The answer for part 1 can be accomplished as follows: The condition that f(x) has the zeros -3,4 and 8 entails that:

f(x)=(x+3)ᵃ×(x-4)ᵇ×(x-8)ᶜ

And since the zeros of g(x) are -5,-3, 2, 4 and 8 we also have:

g(x)=(x+5)ᵈ×(x+3)ᵉ×(x-2)ᶠ×(x-4)ᶢ×(x-8)ʰ

and hence:

g(x)/f(x)=[(x+5)ᵈ×(x+3)ᵉ×(x-2)ᶠ×(x-4)ᶢ×(x-8)ʰ]/[x+3)ᵃ×(x-4)ᵇ×(x-8)ᶜ]

so since the result of the division is (x+5)ᵈ×(x-2)ᶠ×(x+3)ᵝ×(x-4)ᵞ×(x-8)ᵟ, where β=e-a, γ=g-b and δ=h-c. Therefore, if β, γ and δ are nonnegative integers then g(x) is divisible by f(x). Otherwise it is not.
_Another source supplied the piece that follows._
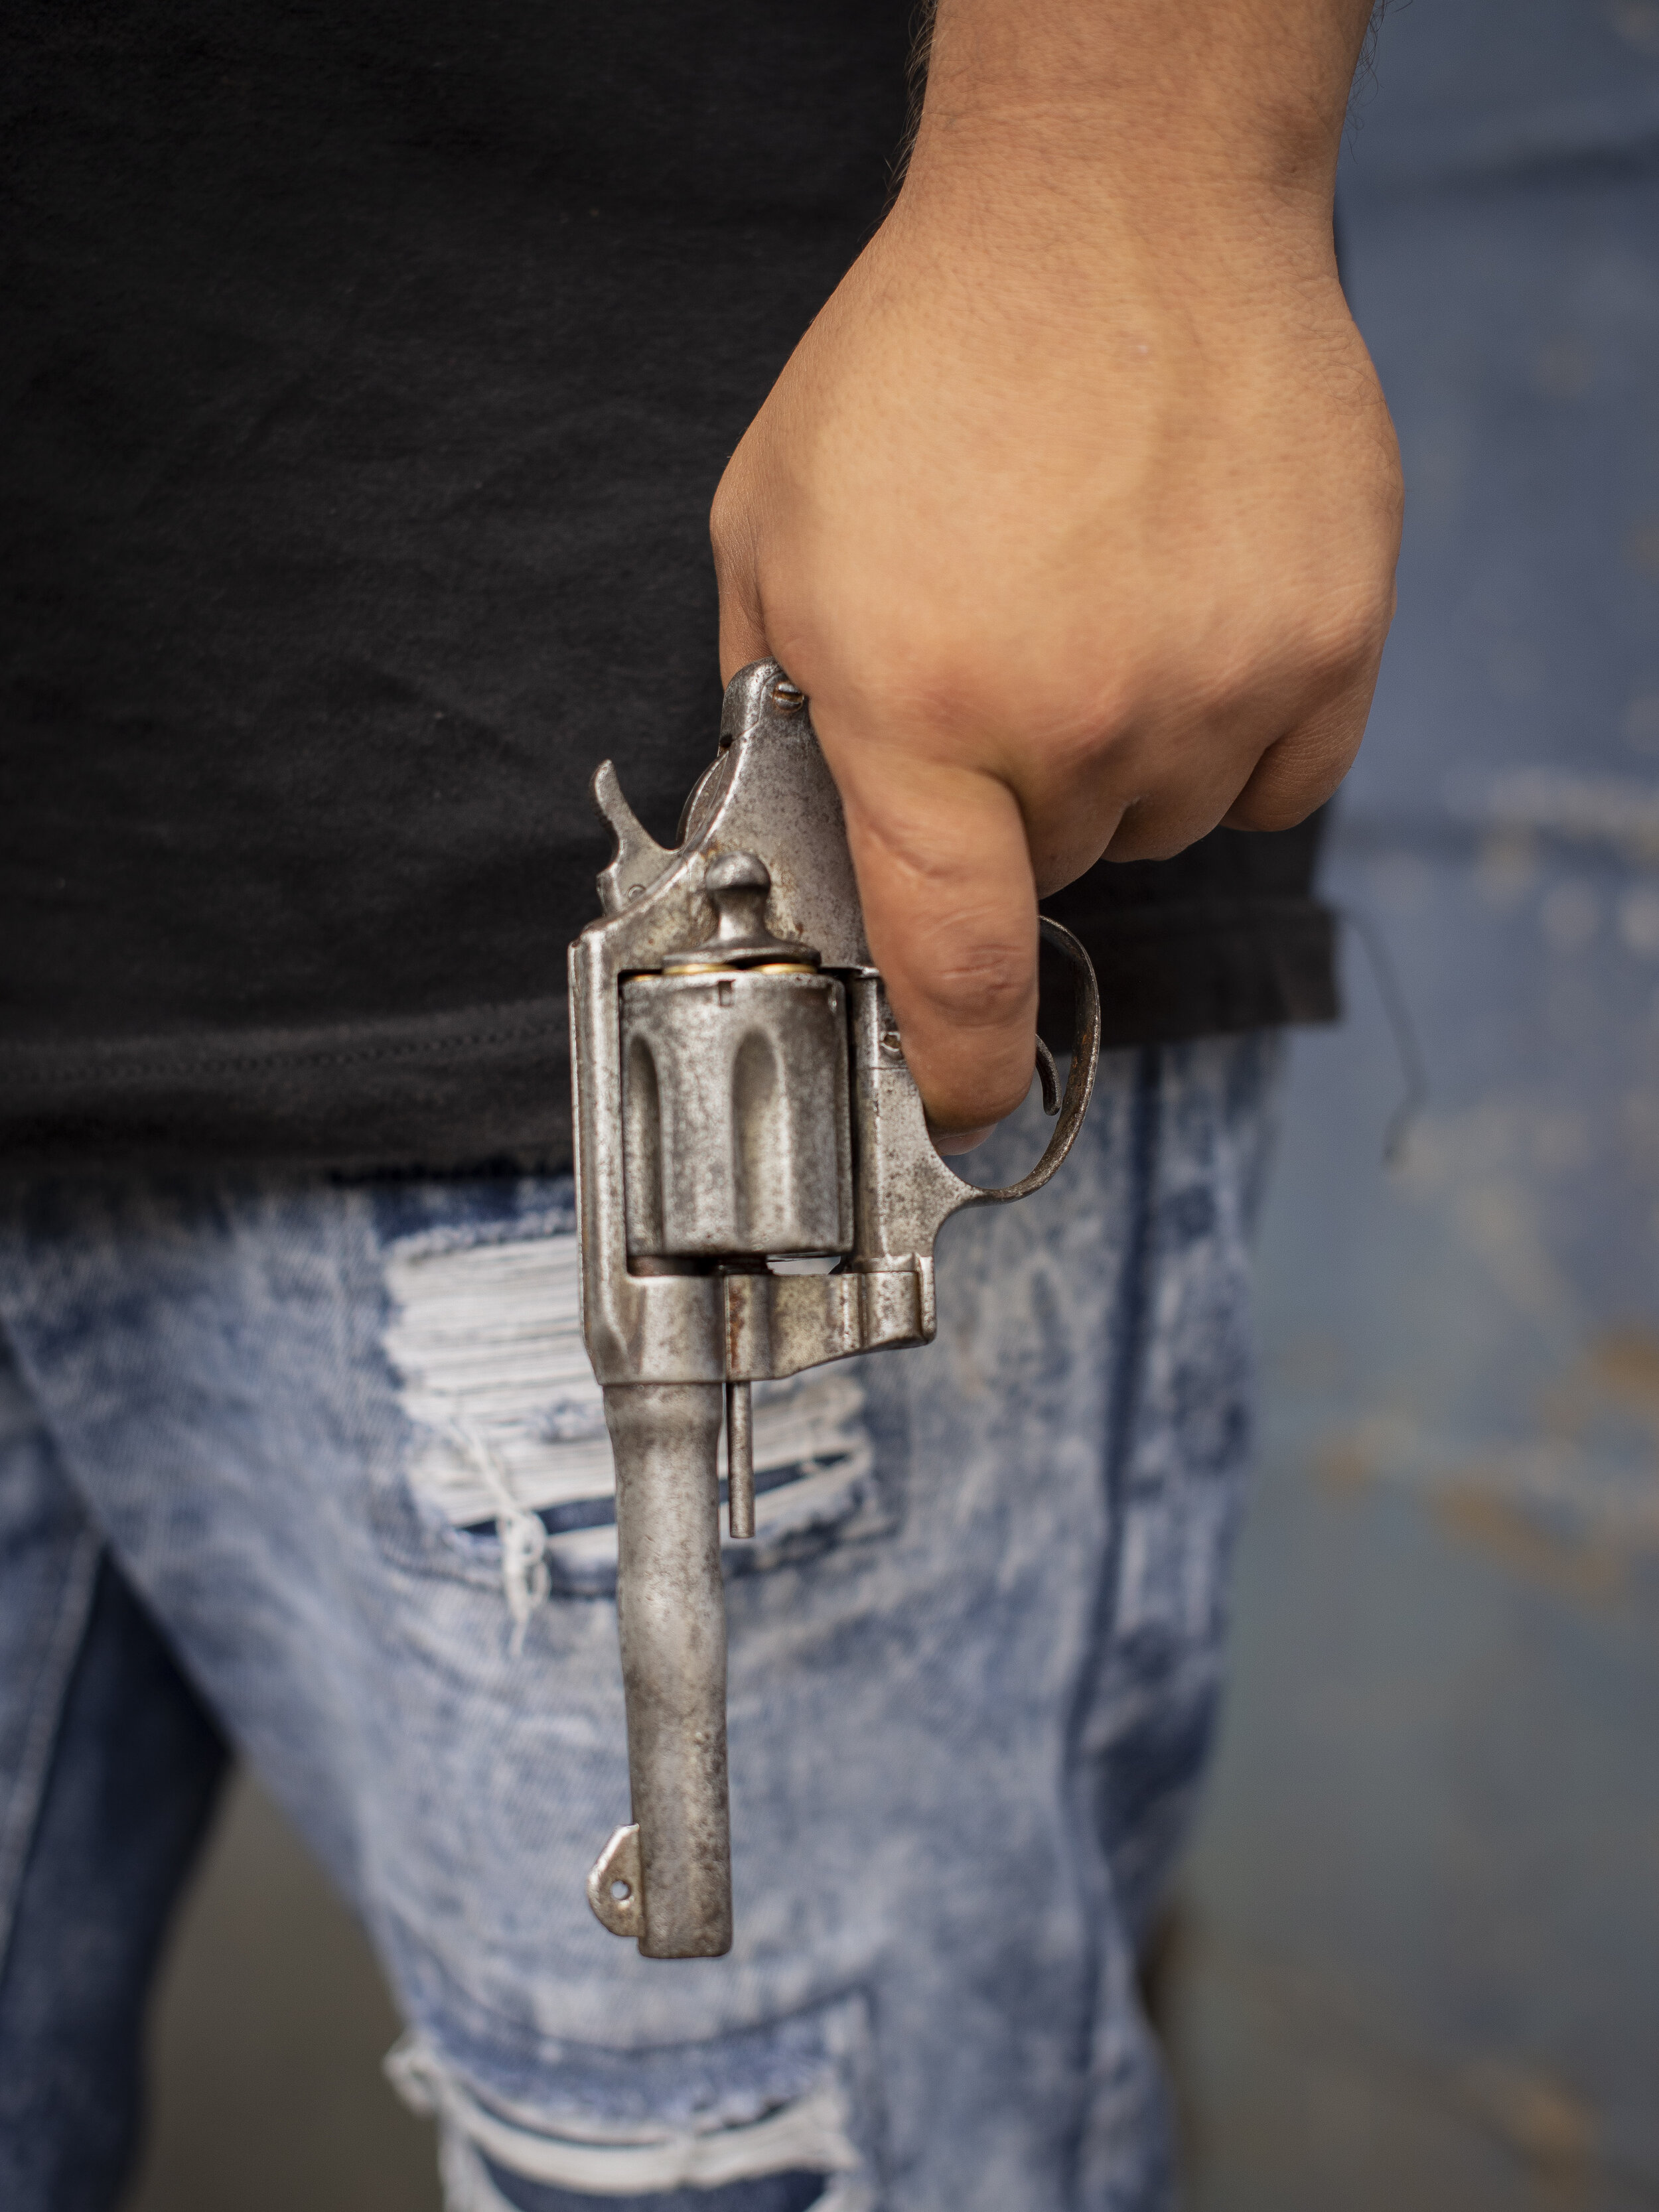   A Barrio 18 gang member holding a pistol in San Salvador.

The answer of part 2 is very clear from the answer of part 1. For a polynomial g(x) to be divisible by a polynomial f(x) at least all the roots (zeros) of f(x) should be also roots (zeros) of g(x) and their repetetion in g(x) should be greater than or equal to their repetetion in f(x). This is the complete proof in any case.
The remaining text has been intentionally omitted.